We will skip old candidate.link entries that are on the already tweeted/posted list.
posts = 0
for candidate in candidates:
if posts >= args.posts:
logger.info(f"Stopping posting after reaching post limit: {posts}")
break
announce = True
for old in tweeted:
if candidate.link == old:
logger.info(f"Disregard already published: {old}")
announce = False
break
if announce:
logger.debug(f"Prepare post: {candidate.link}")
bsky_post(client, candidate, args.dryrun)
posts = posts + 1
logger.info("Terminating normally.
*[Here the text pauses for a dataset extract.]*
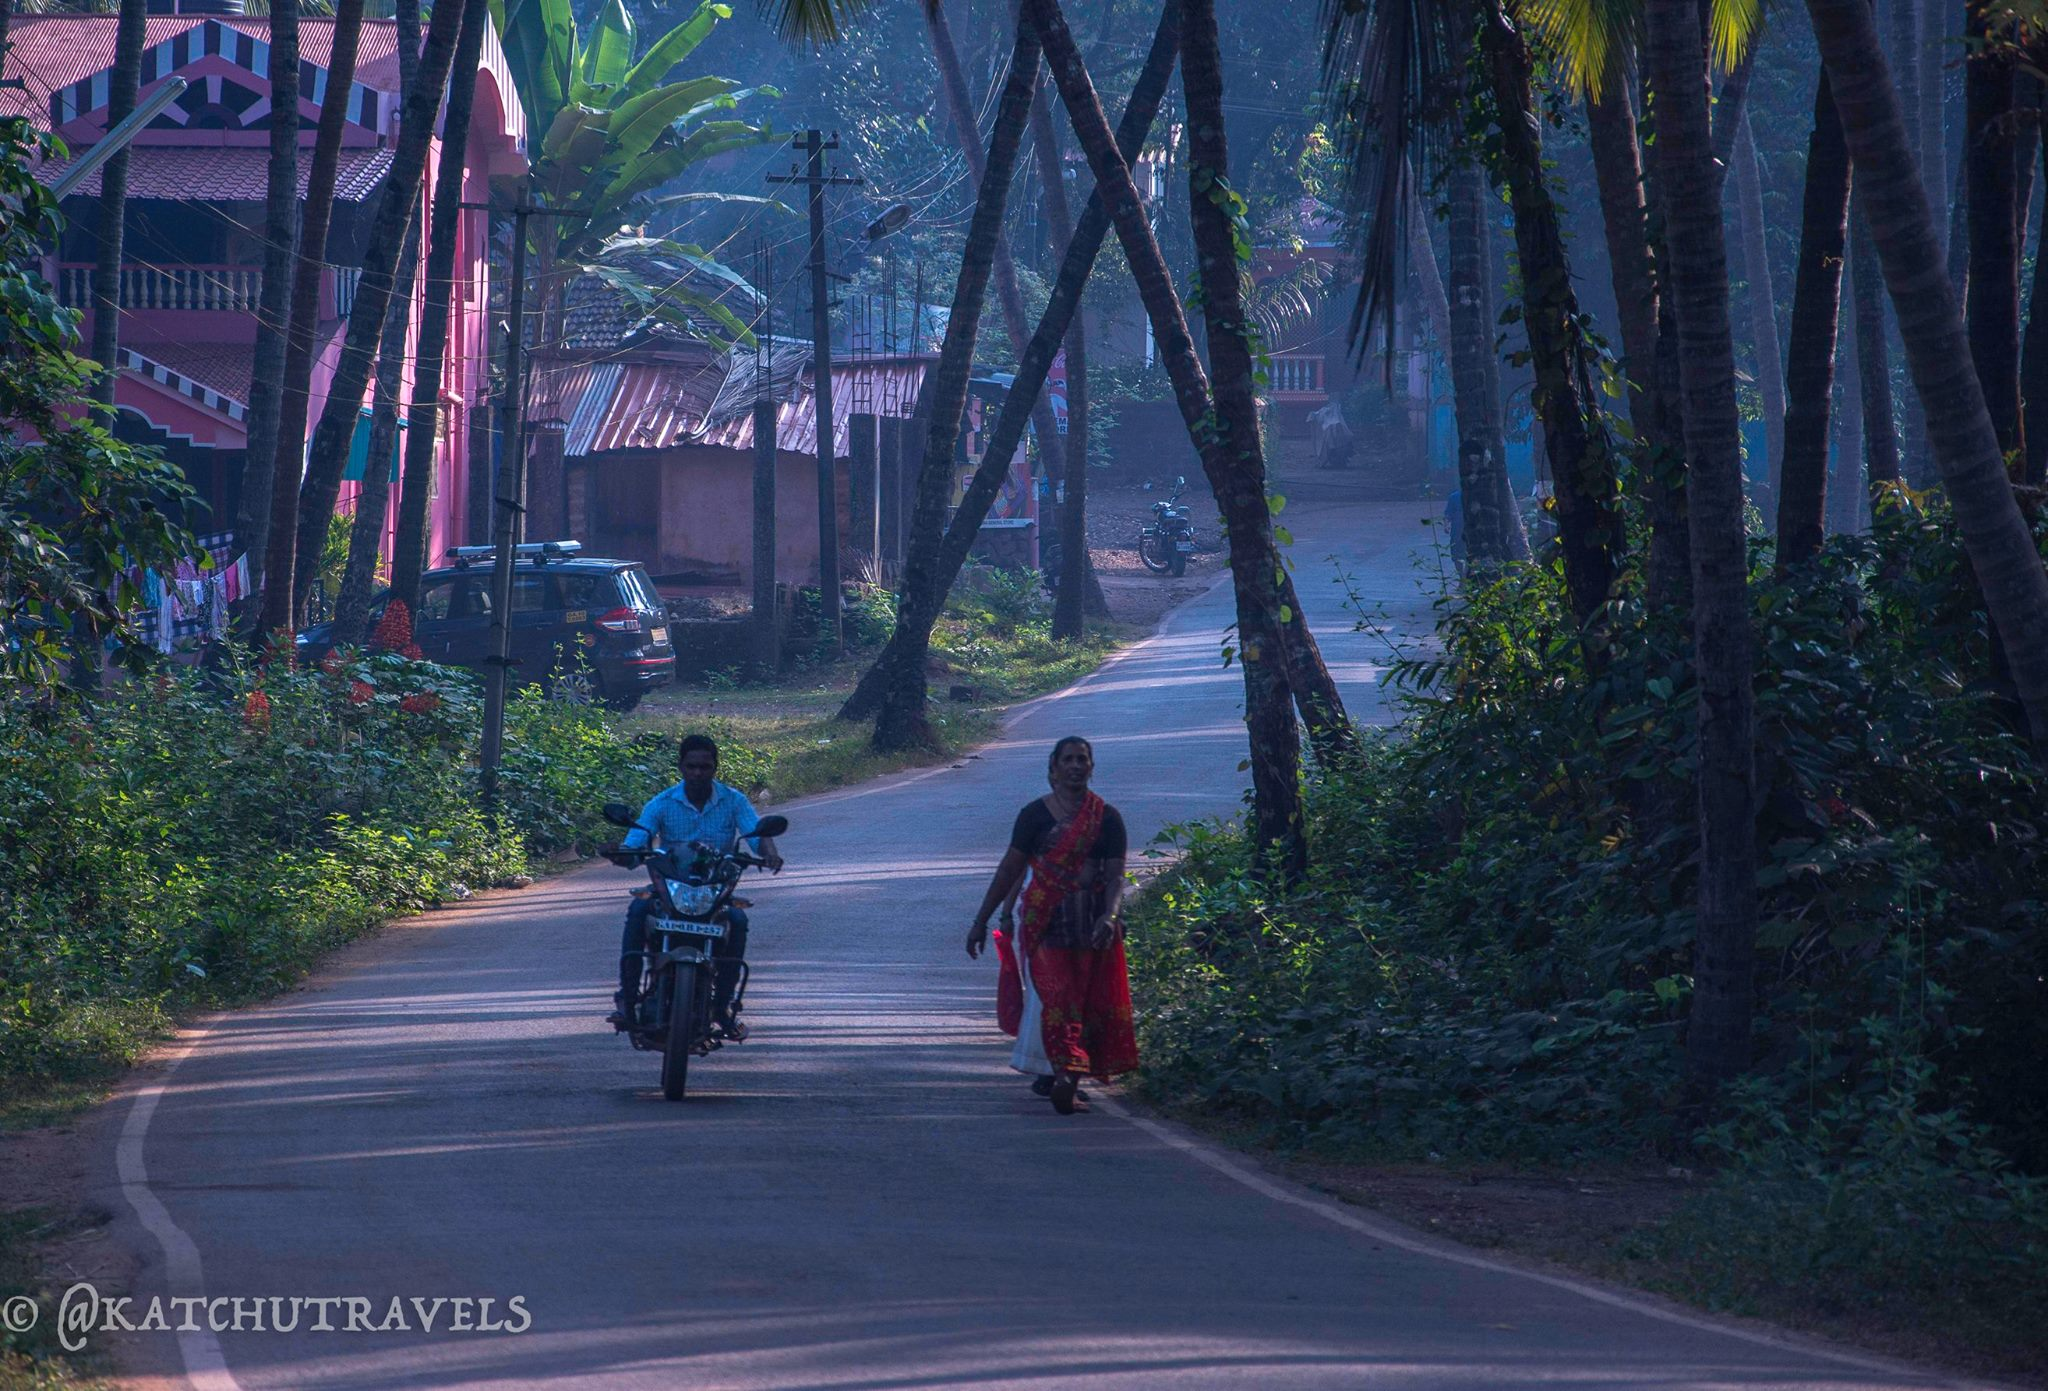 No Jams, No Honking! Shanti in Agonda-Goa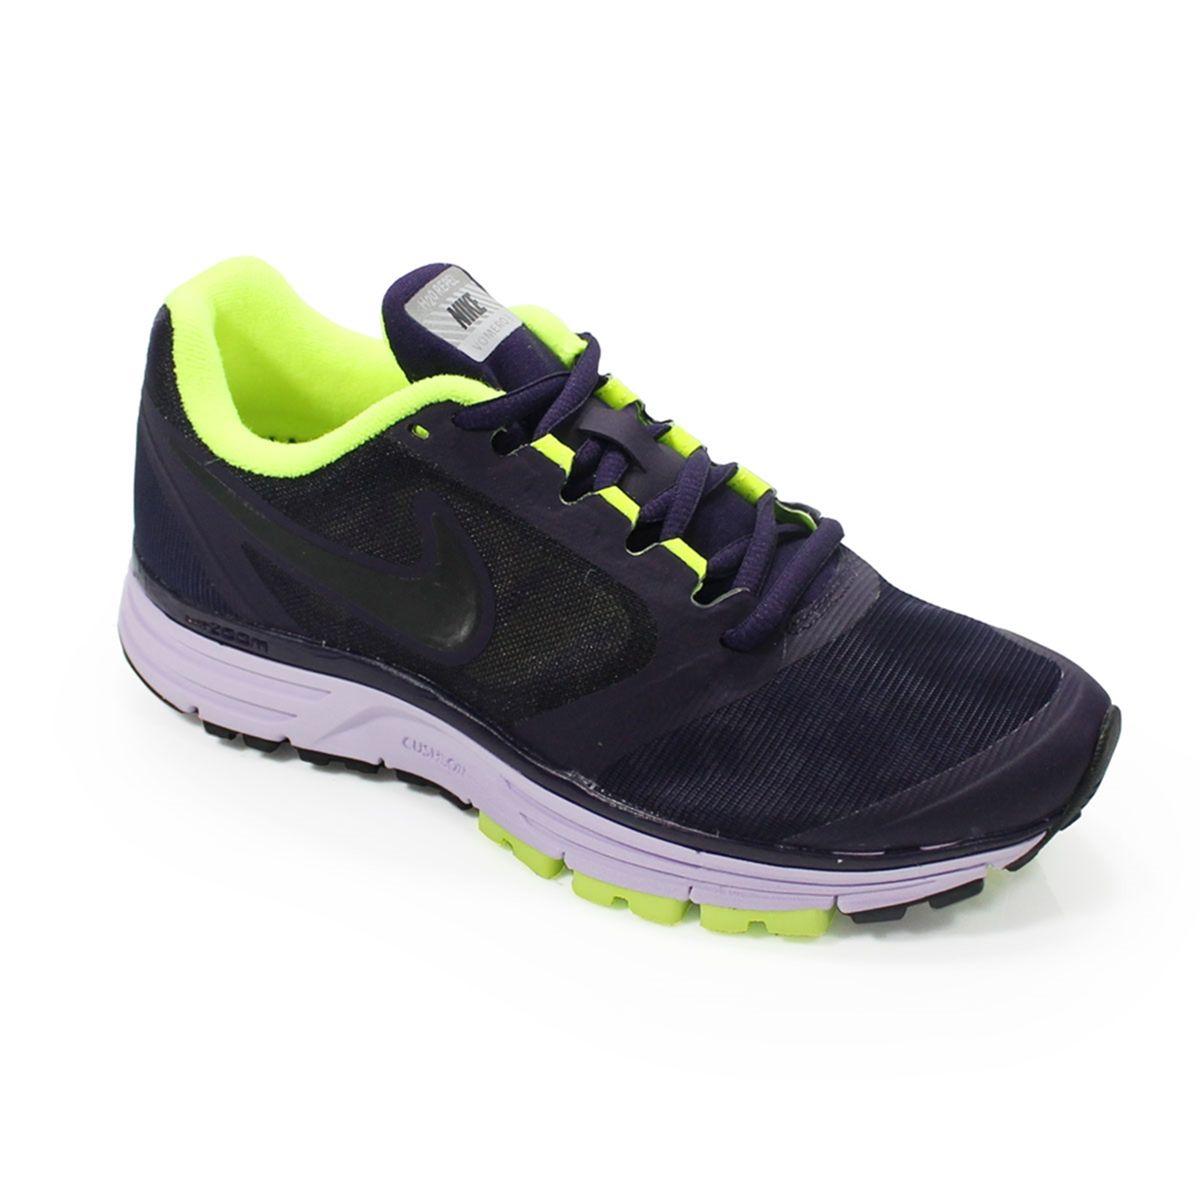 37e64a78d40 Tênis Nike Zoom Vomero 8+ Shield Feminino. Lindo!  nike  corrida  running   run  fastrunner  runner  tenis  treino  bonstreinos

Thanks for All the Fish!")
Posting the announcement is rather easy using client.send_post(),
AppBskyEmbedExternal.Main and AppBskyEmbedExternal.External.
NOTE: I did run into some complications with reading an outdated documentation somewhere, so I had a few
__pydantic_validator__issues until I got the code correctly aligned with the current SDK)
def bsky_post(client, candidate, dryrun):
c_title = candidate.title
c_description = candidate.description
c_uri = candidate.link
#...specific to our podcast, ignore...
c_desc = re.sub(r"Lyssna mp3, längd: ", "", c_description)
c_desc = re.sub(r" Innehåll ", " ", c_desc)
logger.debug(f"c_title: {c_title}")
logger.debug(f"c_description: {c_description}")
logger.debug(f"c_desc: {c_desc}")
logger.debug(f"c_uri: {c_uri}")
embed_external = models.AppBskyEmbedExternal.Main(
external = models.AppBskyEmbedExternal.External(
title = c_title,
description = c_desc,
uri = c_uri,
)
)
text = "📣 " + c_title + " 📣 " + c_desc
text300 = truncate( text, 300 )
if dryrun:
logger.info(f"Dry-run post: {c_uri}")
else:
logger.info(f"Post: {c_uri}")
post = client.send_post( text=text300, embed=embed_external )
logger.info(f"post.uri: {post.uri}")
logger.info(f"post.cid: {post.cid}")
Truncating the text to the 300-limit is done as follows:
def truncate( text, maxlen ):
if len(text) < maxlen:
return text
idx = text.rfind(" ", 0, maxlen-3)
return text[:idx] + "..."
An observant code reviewer can easily come up with cases where the truncation will break on evil input… So room for future improvements!
Dependencies
feedparser.
Consumes RSS using feedparser.
This part was fairly easy as I have a bunch of earlier RSS processing projects,
parts of the code was just copy-paste similar code.
atproto.
Reads and Posts to Bluesky using The AT Proto SDK for Python.